Information shown:
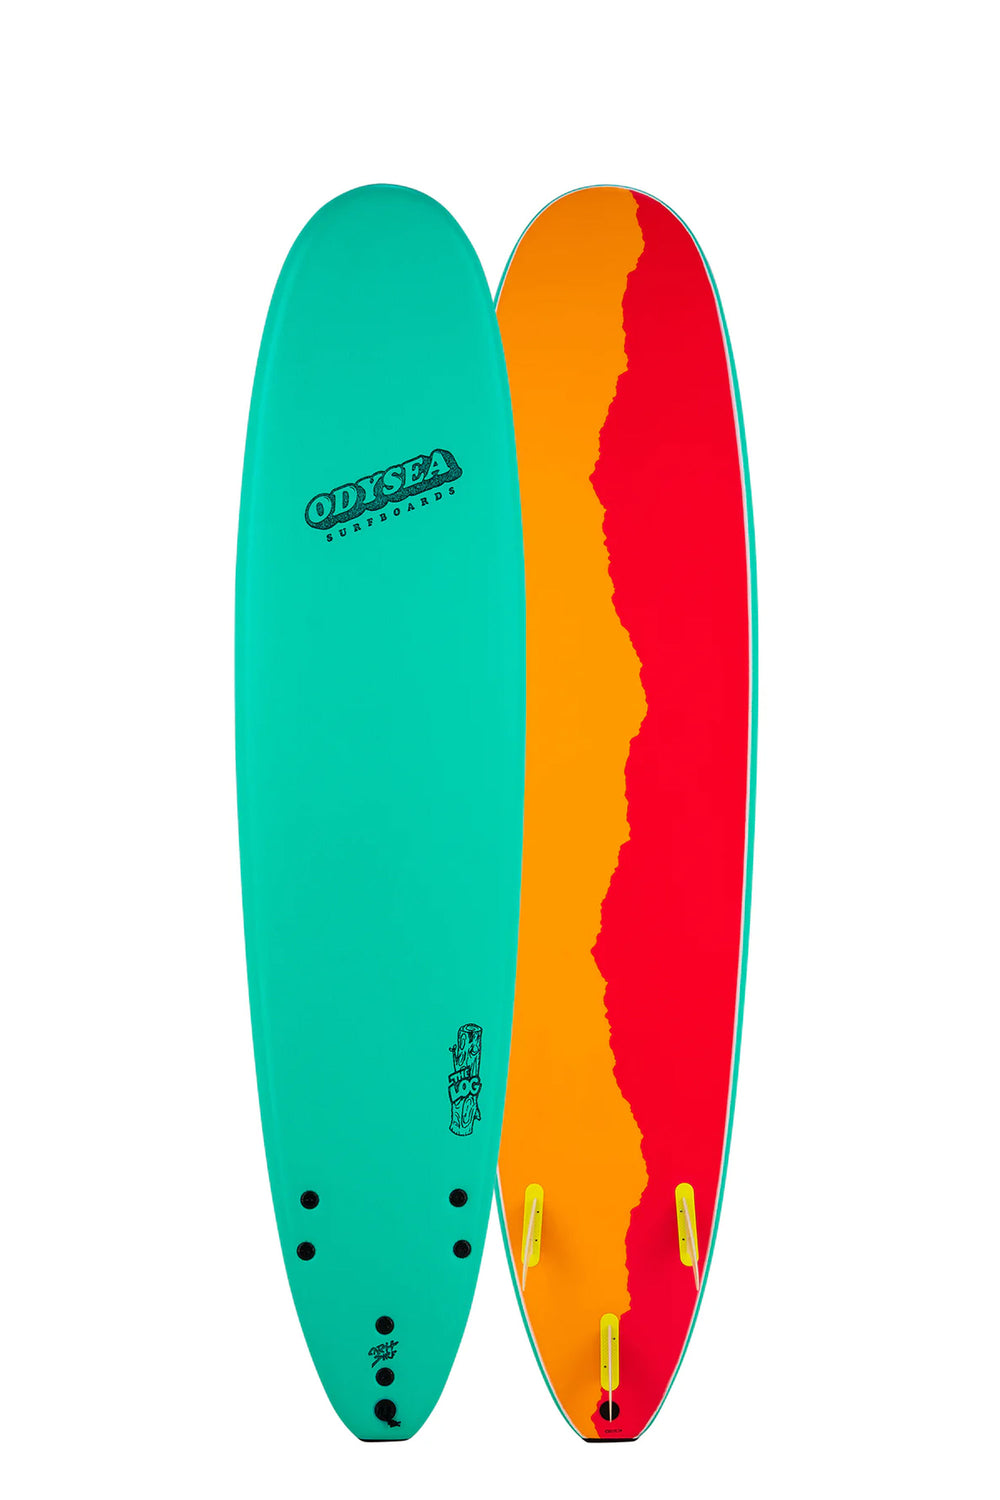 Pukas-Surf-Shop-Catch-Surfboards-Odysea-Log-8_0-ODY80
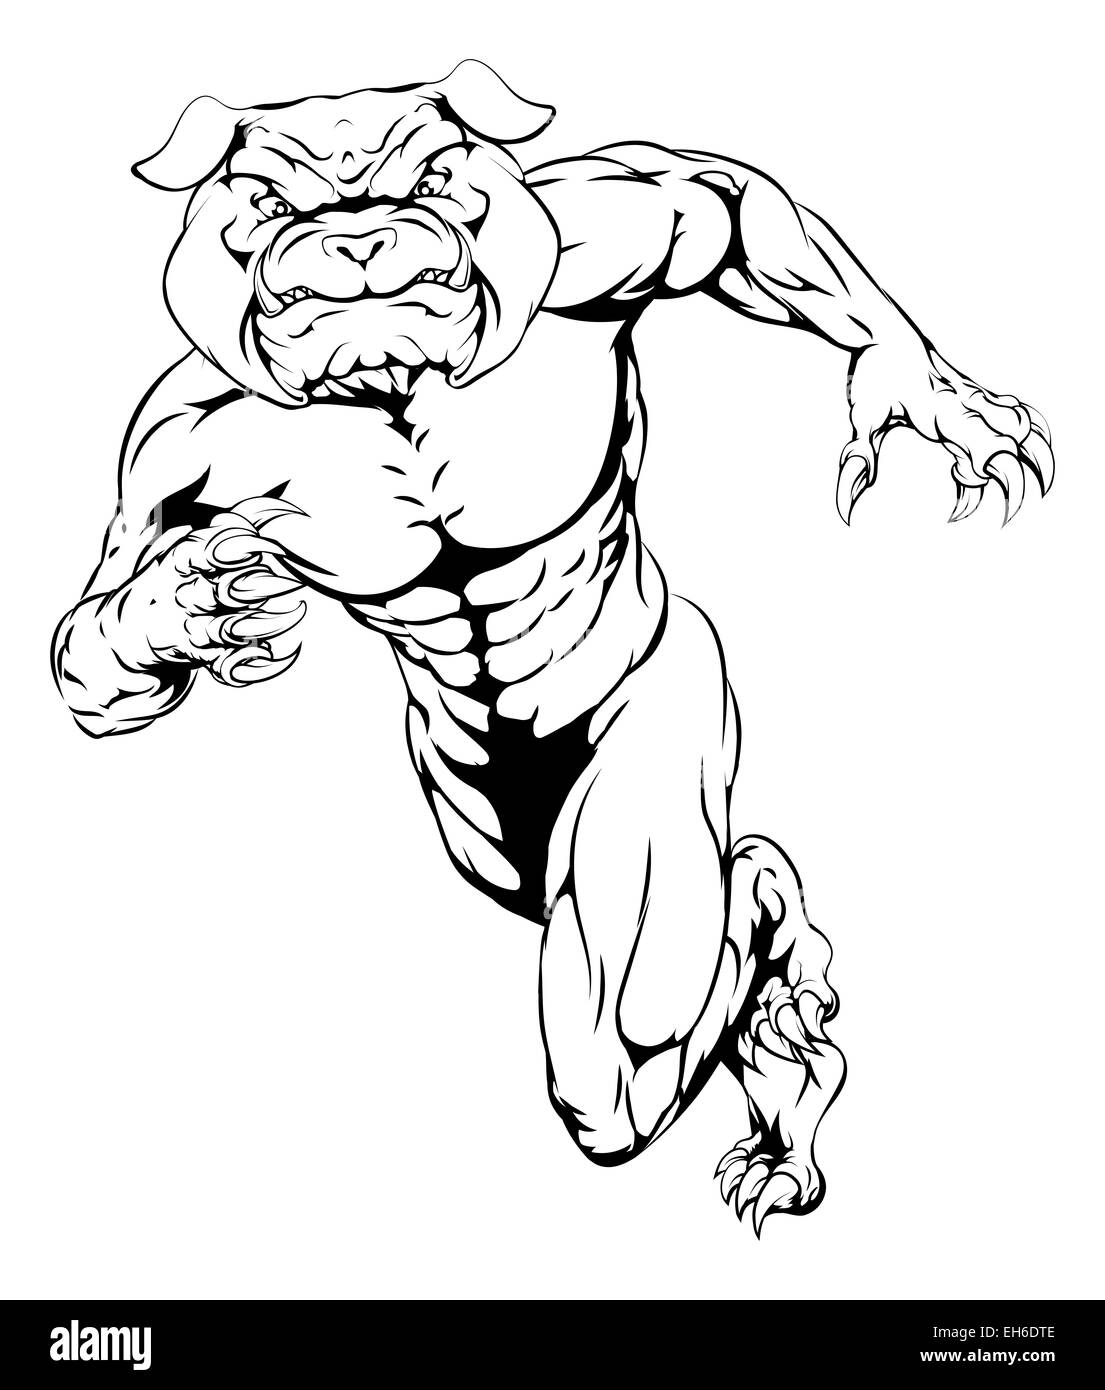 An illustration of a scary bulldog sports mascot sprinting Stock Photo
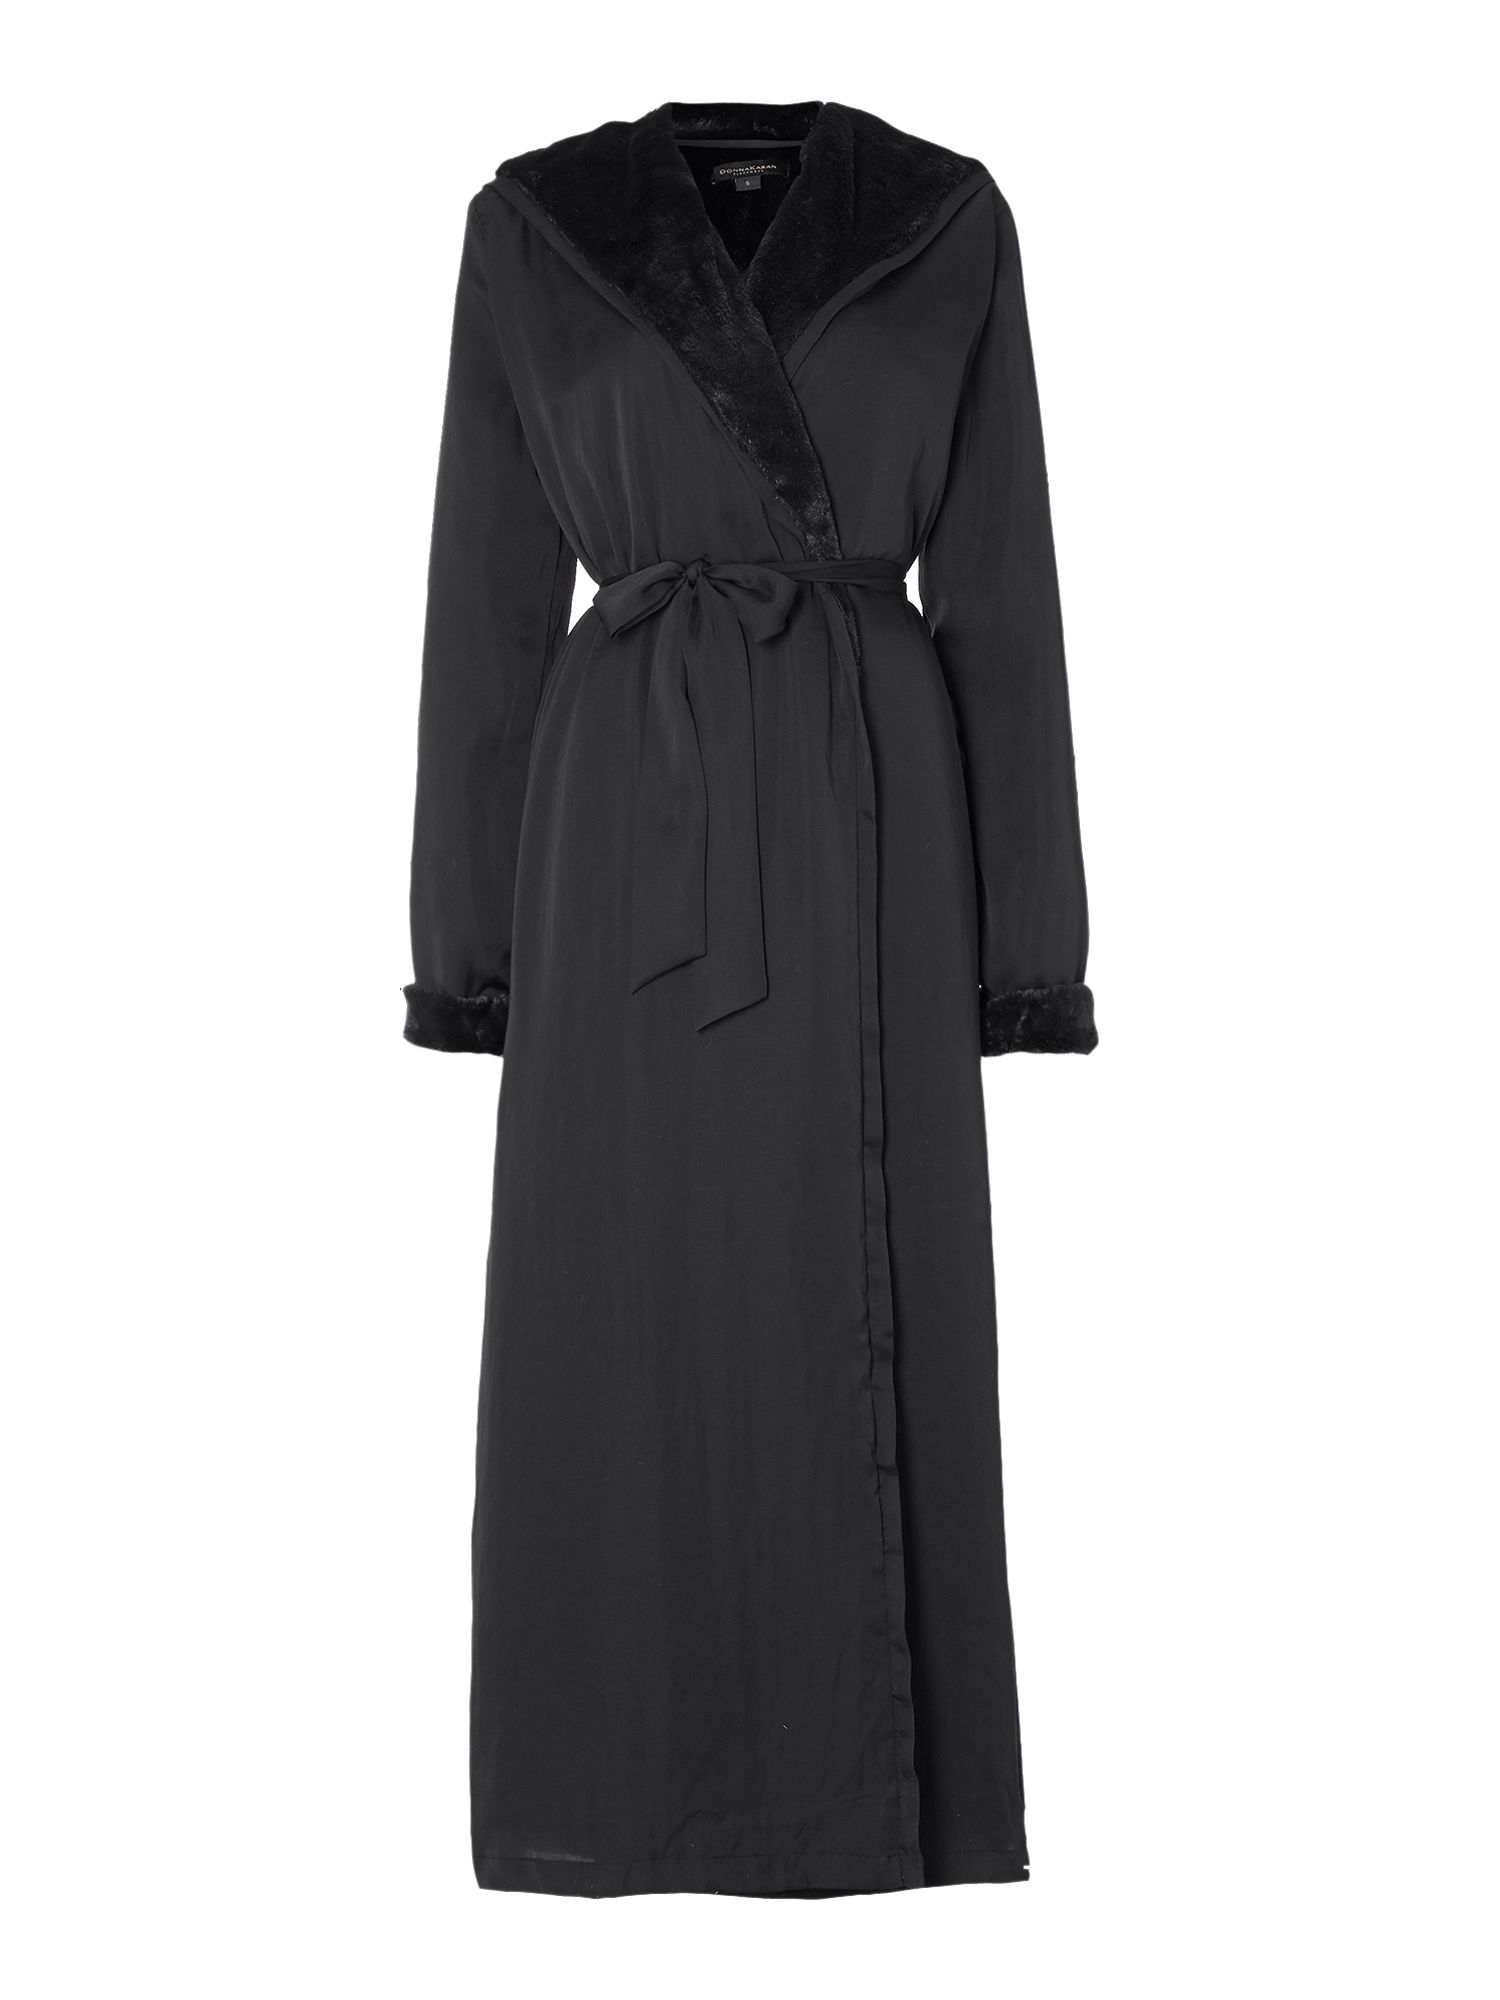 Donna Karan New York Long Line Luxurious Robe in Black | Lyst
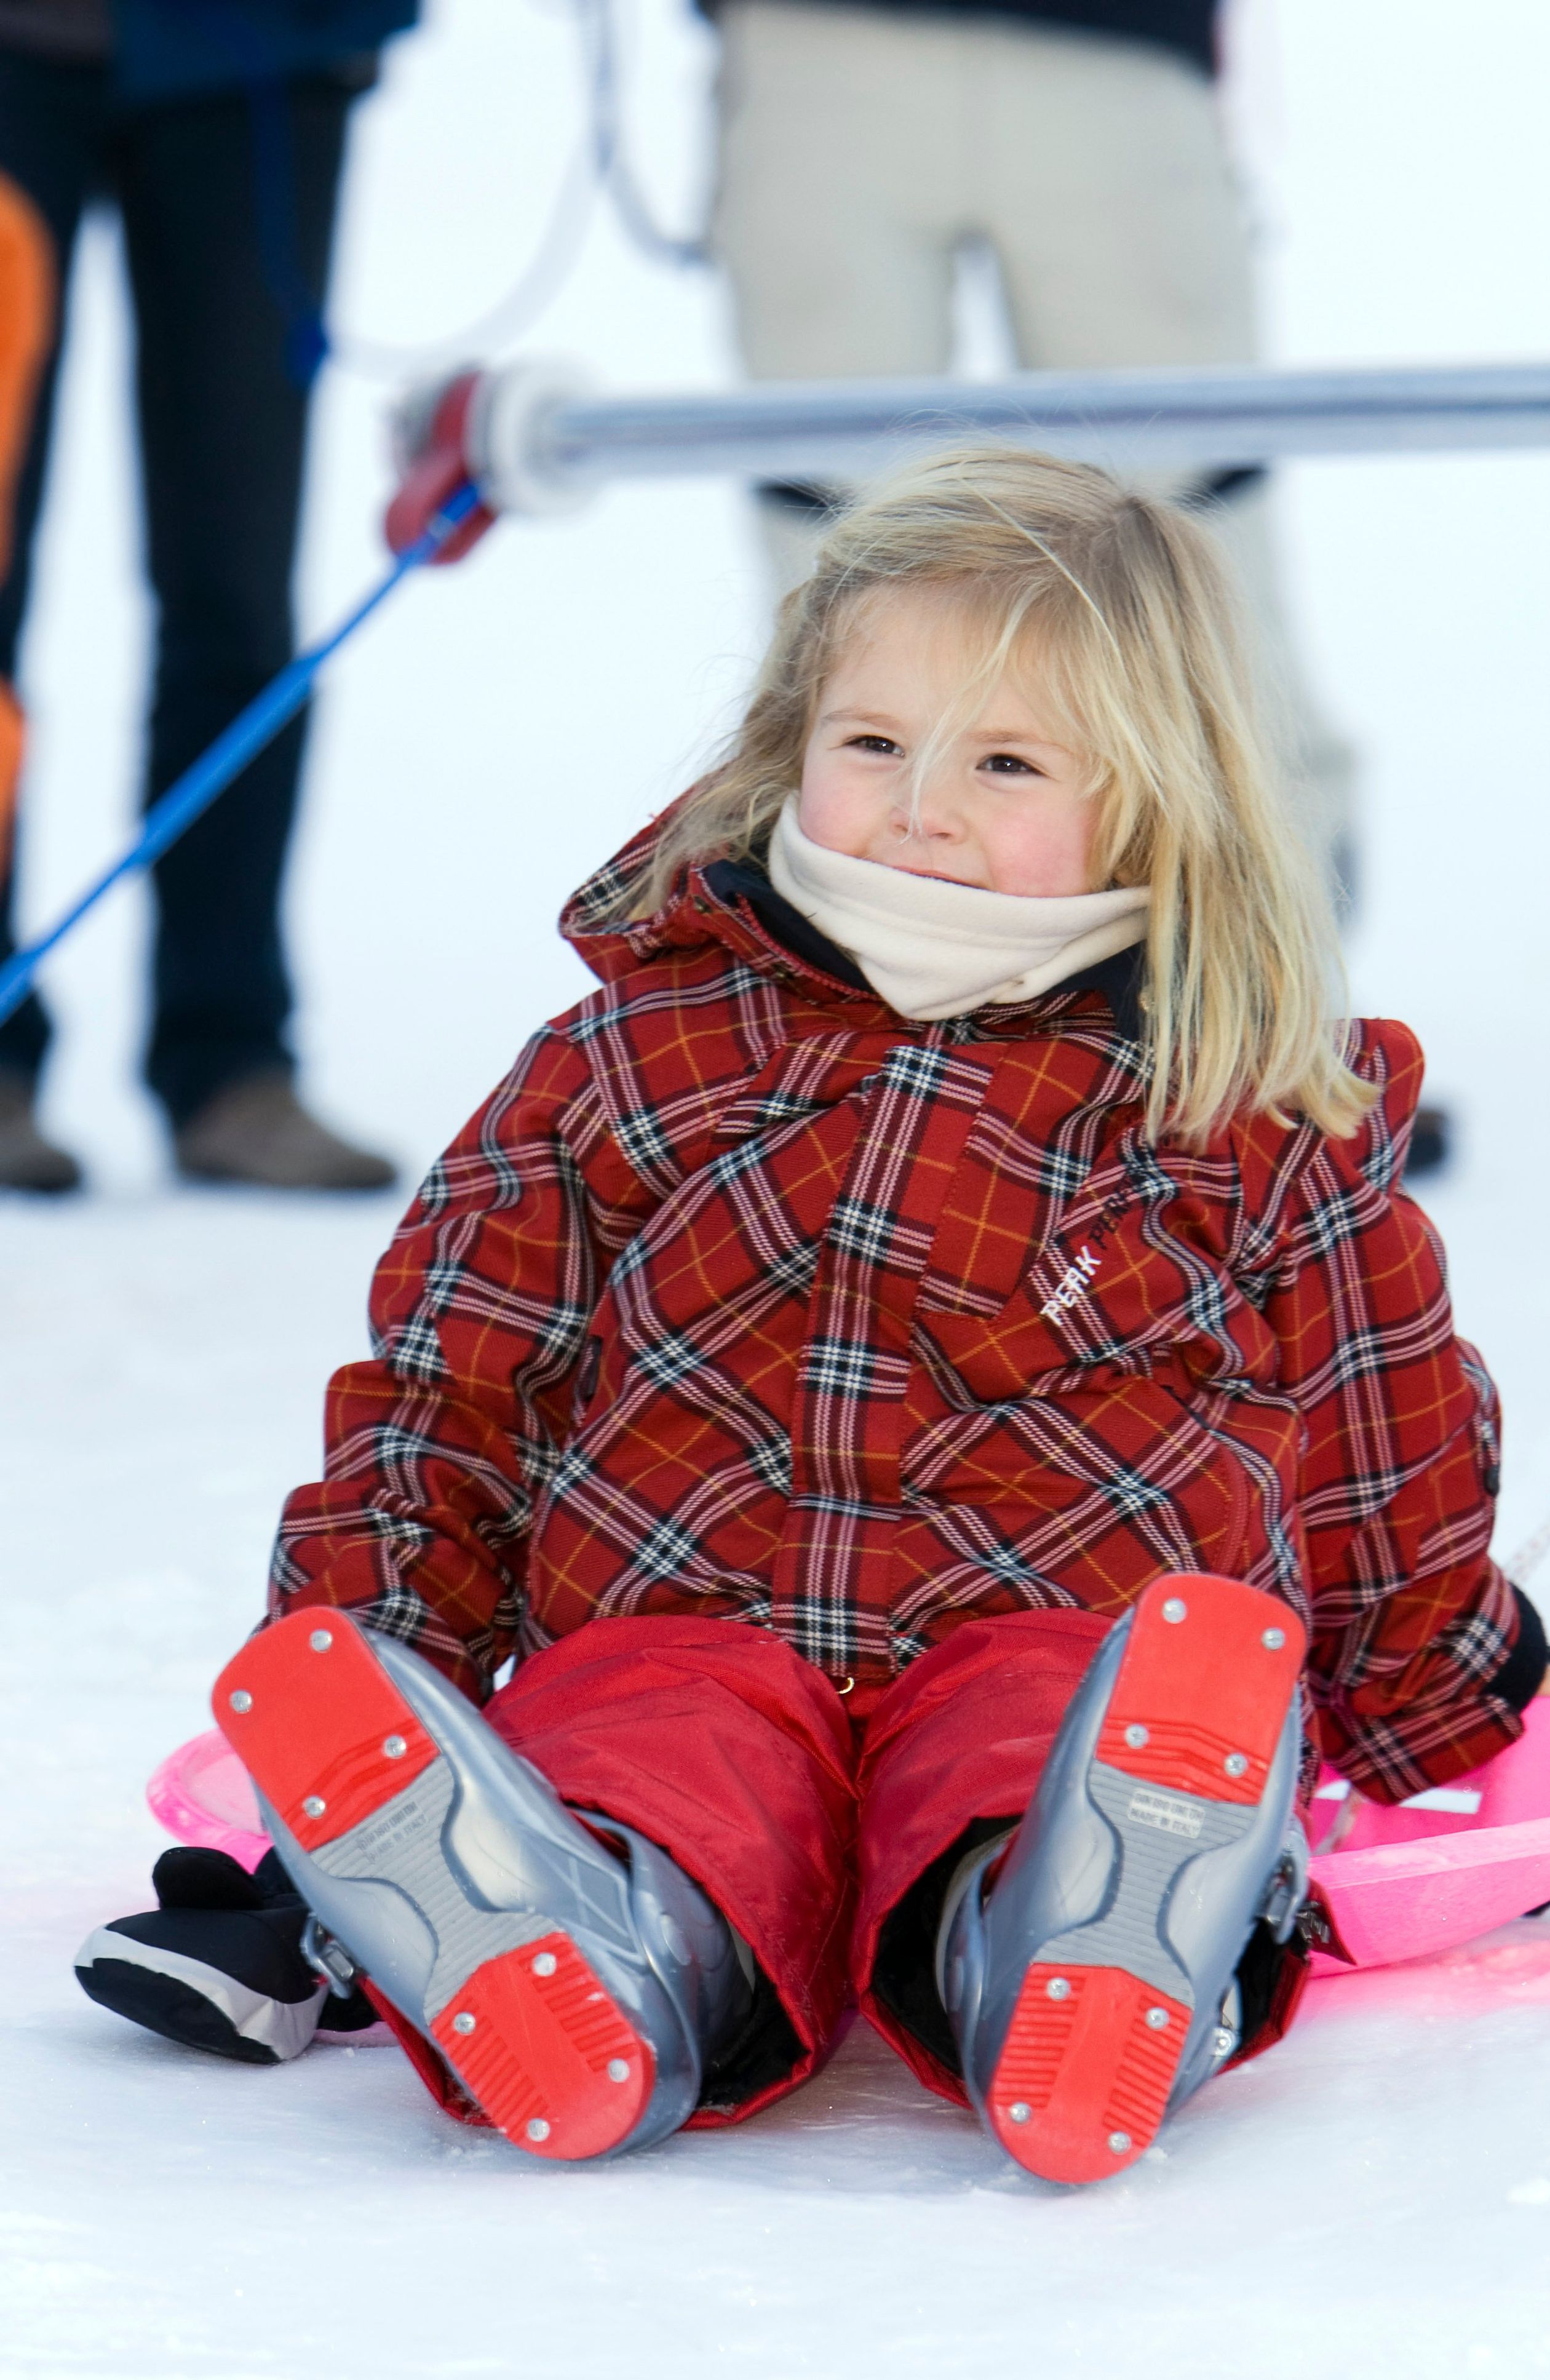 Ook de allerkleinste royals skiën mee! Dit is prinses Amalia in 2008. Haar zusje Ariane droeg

Task prompt:
Take the listing above and print it exactly, apart from the pictures.

Answer for the task:
 Pukas-Surf-Shop-Catch-Surfboards-Odysea-Log-8_0-ODY80
 An illustration of a scary bulldog sports mascot sprinting Stock Photo
 Donna Karan New York Long Line Luxurious Robe in Black | Lyst
 Ook de allerkleinste royals skiën mee! Dit is prinses Amalia in 2008. Haar zusje Ariane droeg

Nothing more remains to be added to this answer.